Task details: Restate word for word all of the lines below, with each image left out.

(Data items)
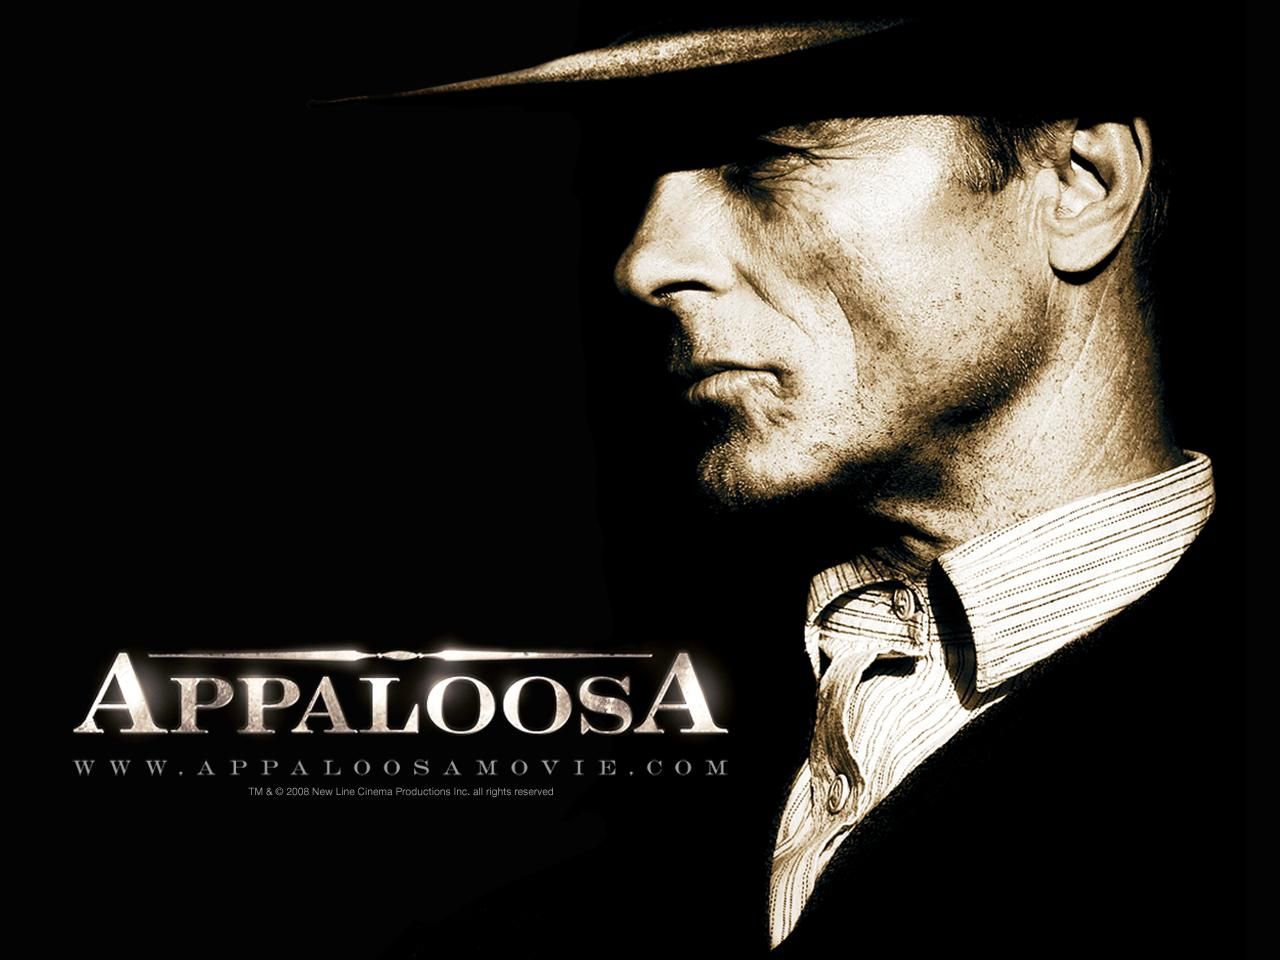 Фильм Аппалуза | Appaloosa - лучшие обои для рабочего стола
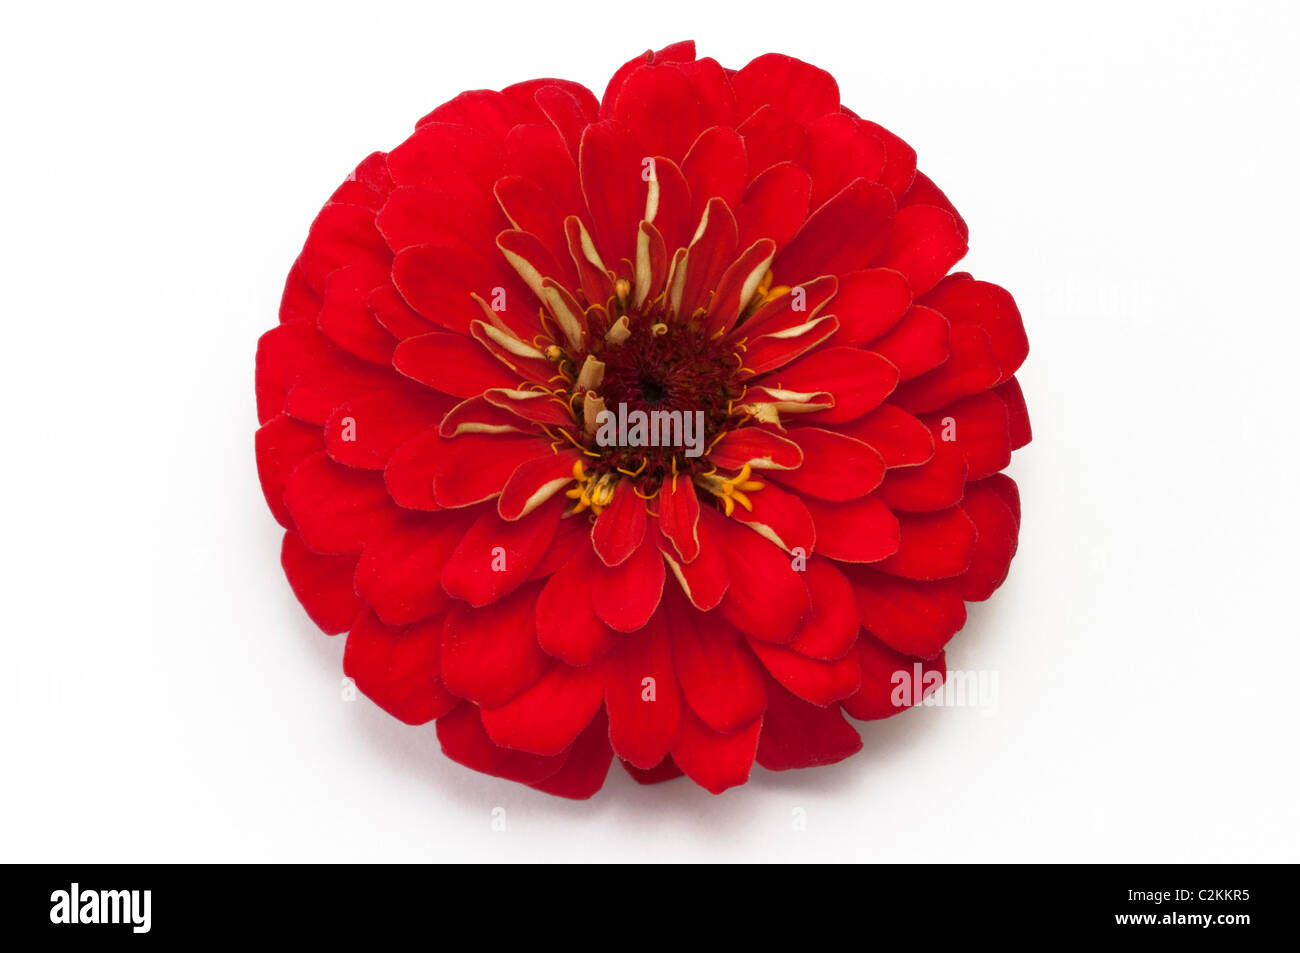 Zinnia, jeunes-et-old-age ( Zinnia x hybrida), fleur rouge. Studio photo sur un fond blanc. Banque D'Images
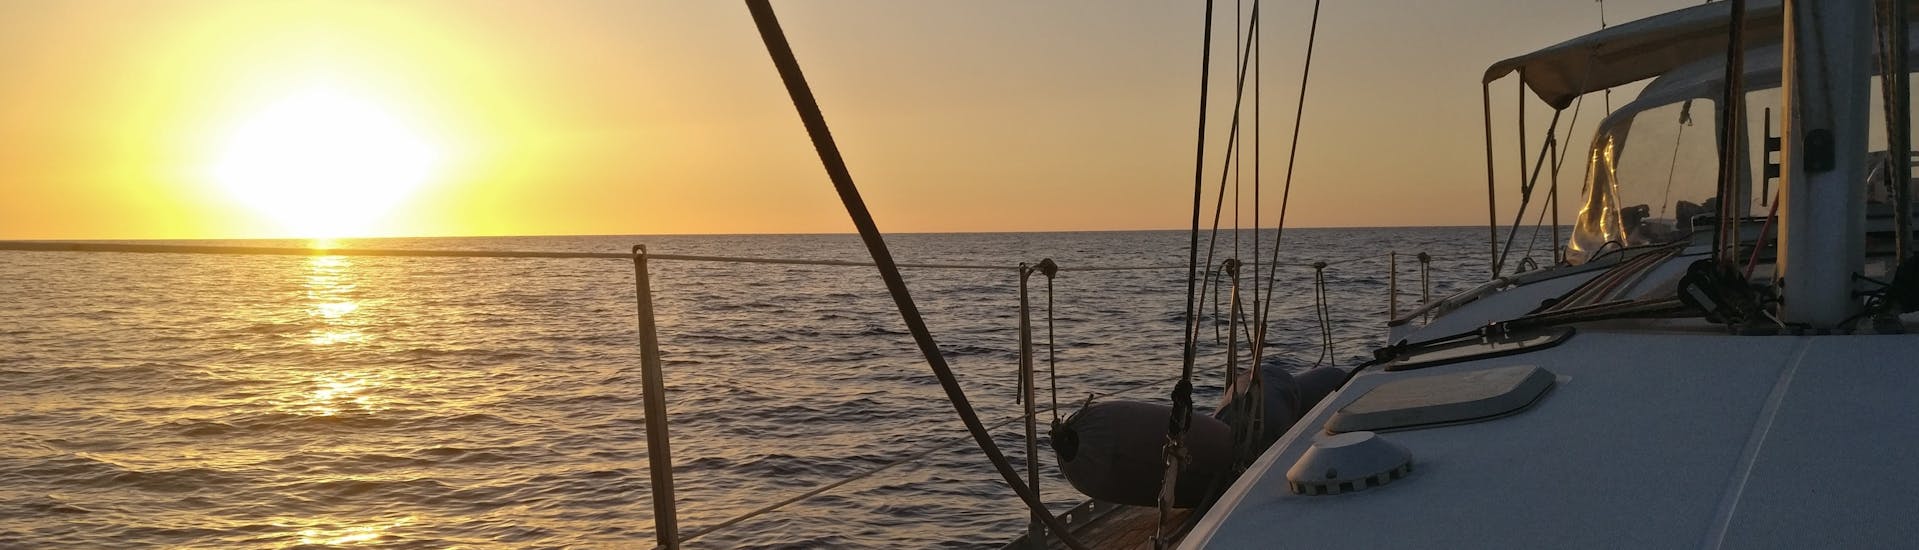 Vue de la mer au coucher du soleil depuis un bateau de Quarantesimo Parallelo Leuca pendant la balade privée en voilier de Leuca sur la Côte du Salento.
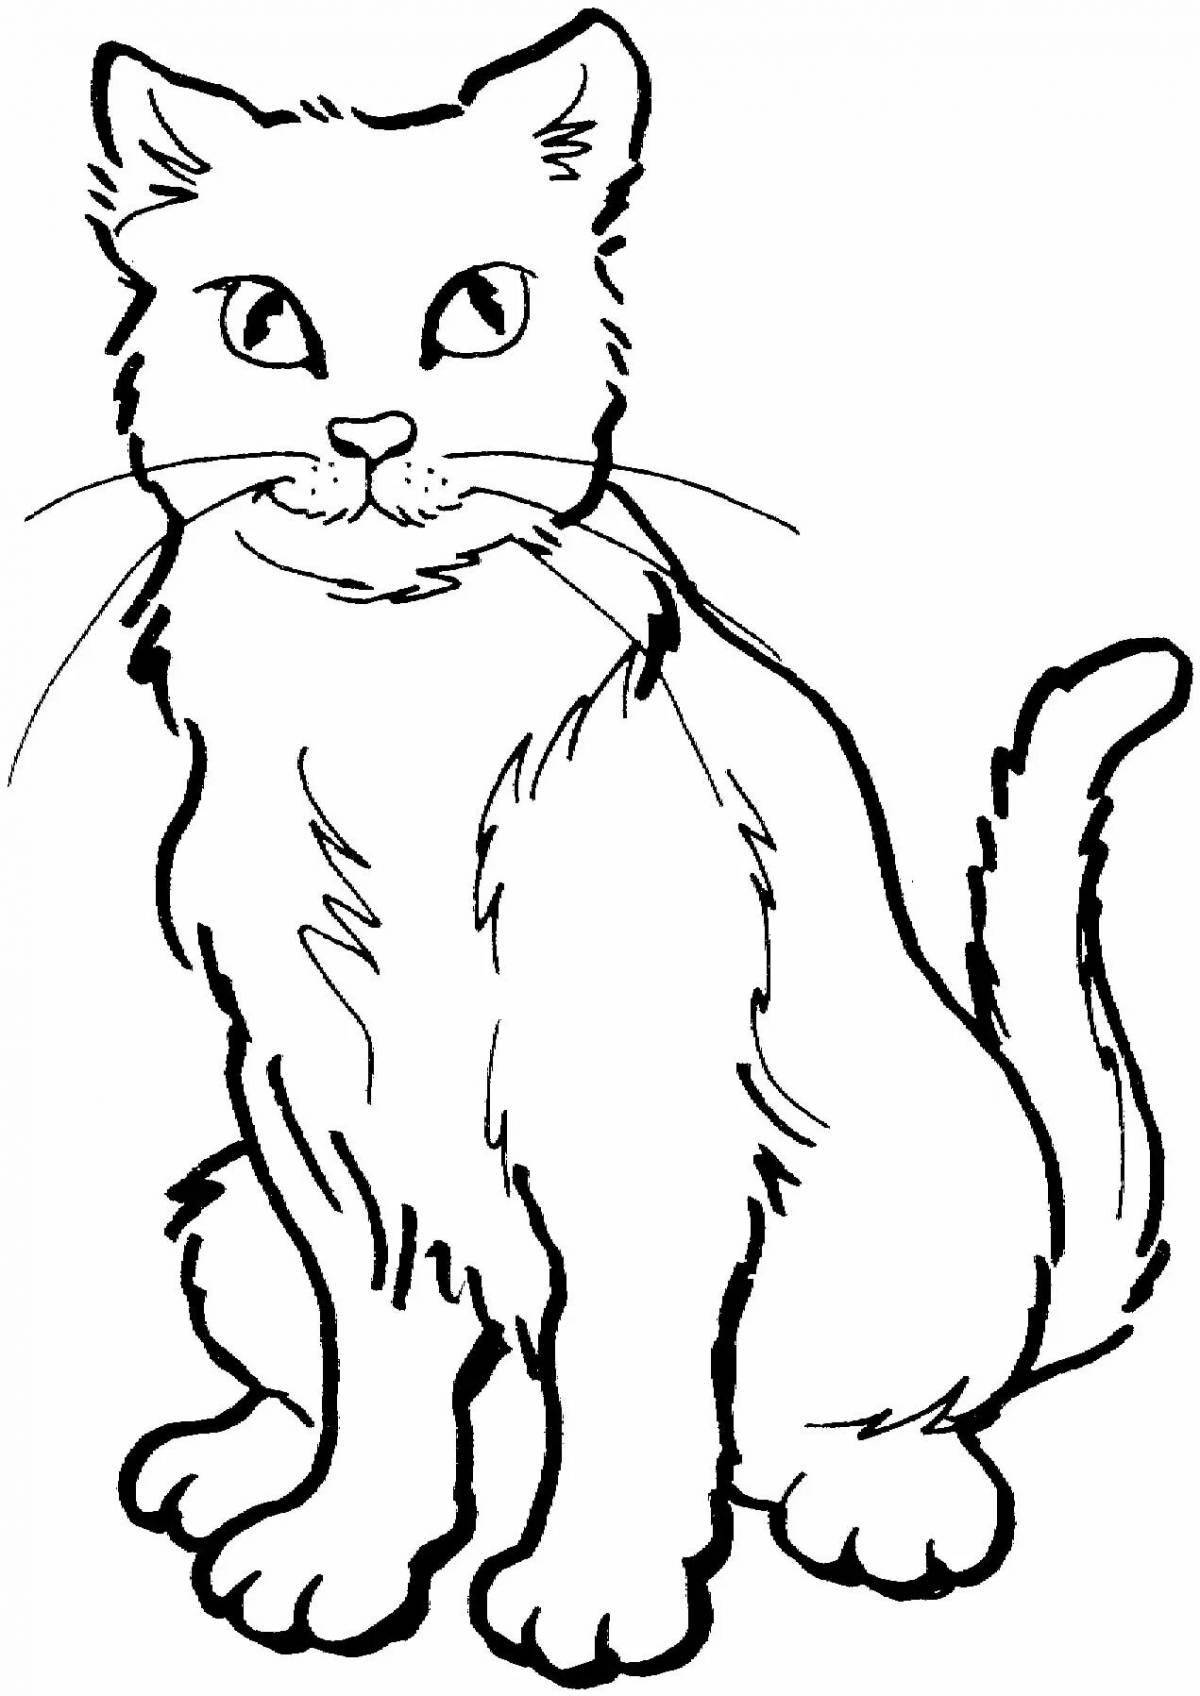 Замысловатая страница раскраски большой кошки
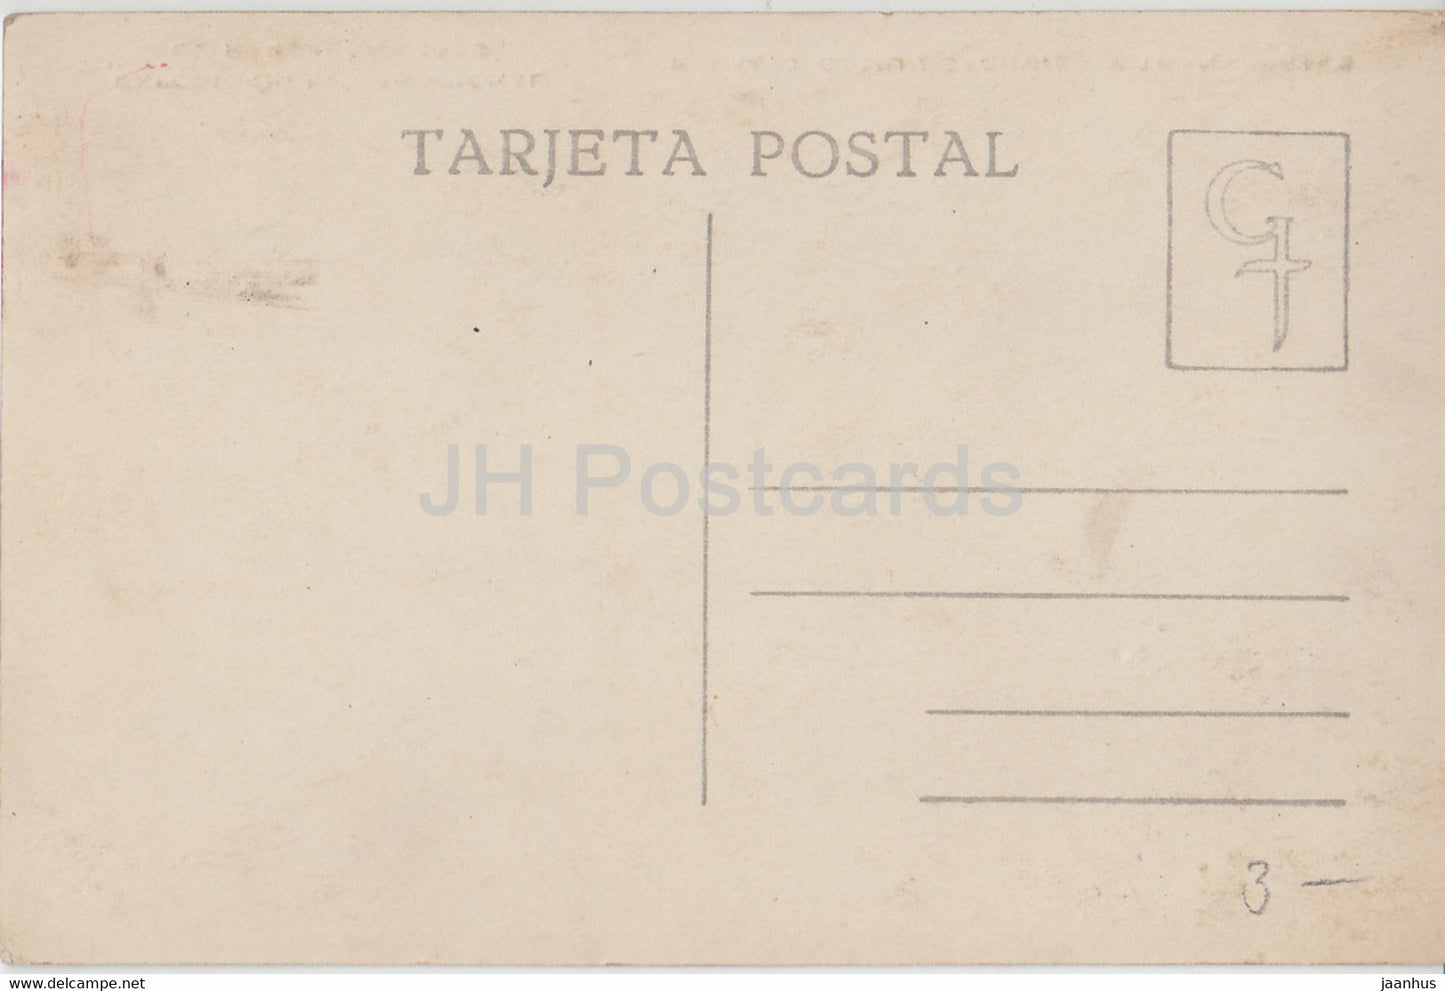 Exposicion Internacional de Barcelona 1929 – Palacio Comunicaciones y Transportes – Auto – alte Postkarte – Spanien – unbenutzt
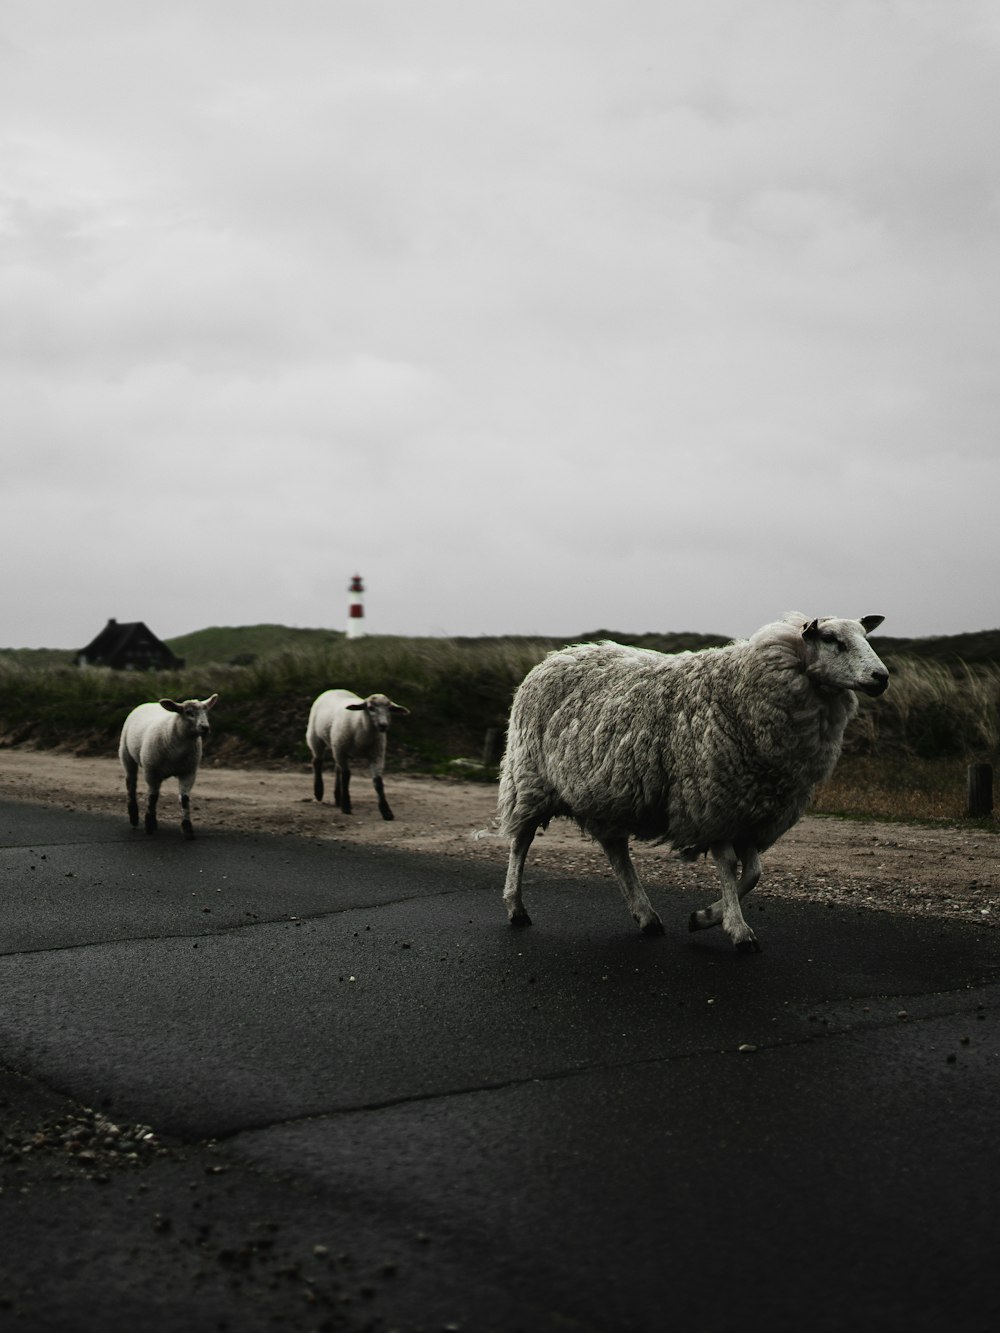 Rebaño de ovejas en camino asfaltado gris bajo cielo nublado blanco durante el día

Your response:
 Фильм Аппалуза | Appaloosa - лучшие обои для рабочего стола
 Zinnia, jeunes-et-old-age ( Zinnia x hybrida), fleur rouge. Studio photo sur un fond blanc. Banque D'Images
 Vue de la mer au coucher du soleil depuis un bateau de Quarantesimo Parallelo Leuca pendant la balade privée en voilier de Leuca sur la Côte du Salento.
 Замысловатая страница раскраски большой кошки
 Exposicion Internacional de Barcelona 1929 – Palacio Comunicaciones y Transportes – Auto – alte Postkarte – Spanien – unbenutzt
 Rebaño de ovejas en camino asfaltado gris bajo cielo nublado blanco durante el día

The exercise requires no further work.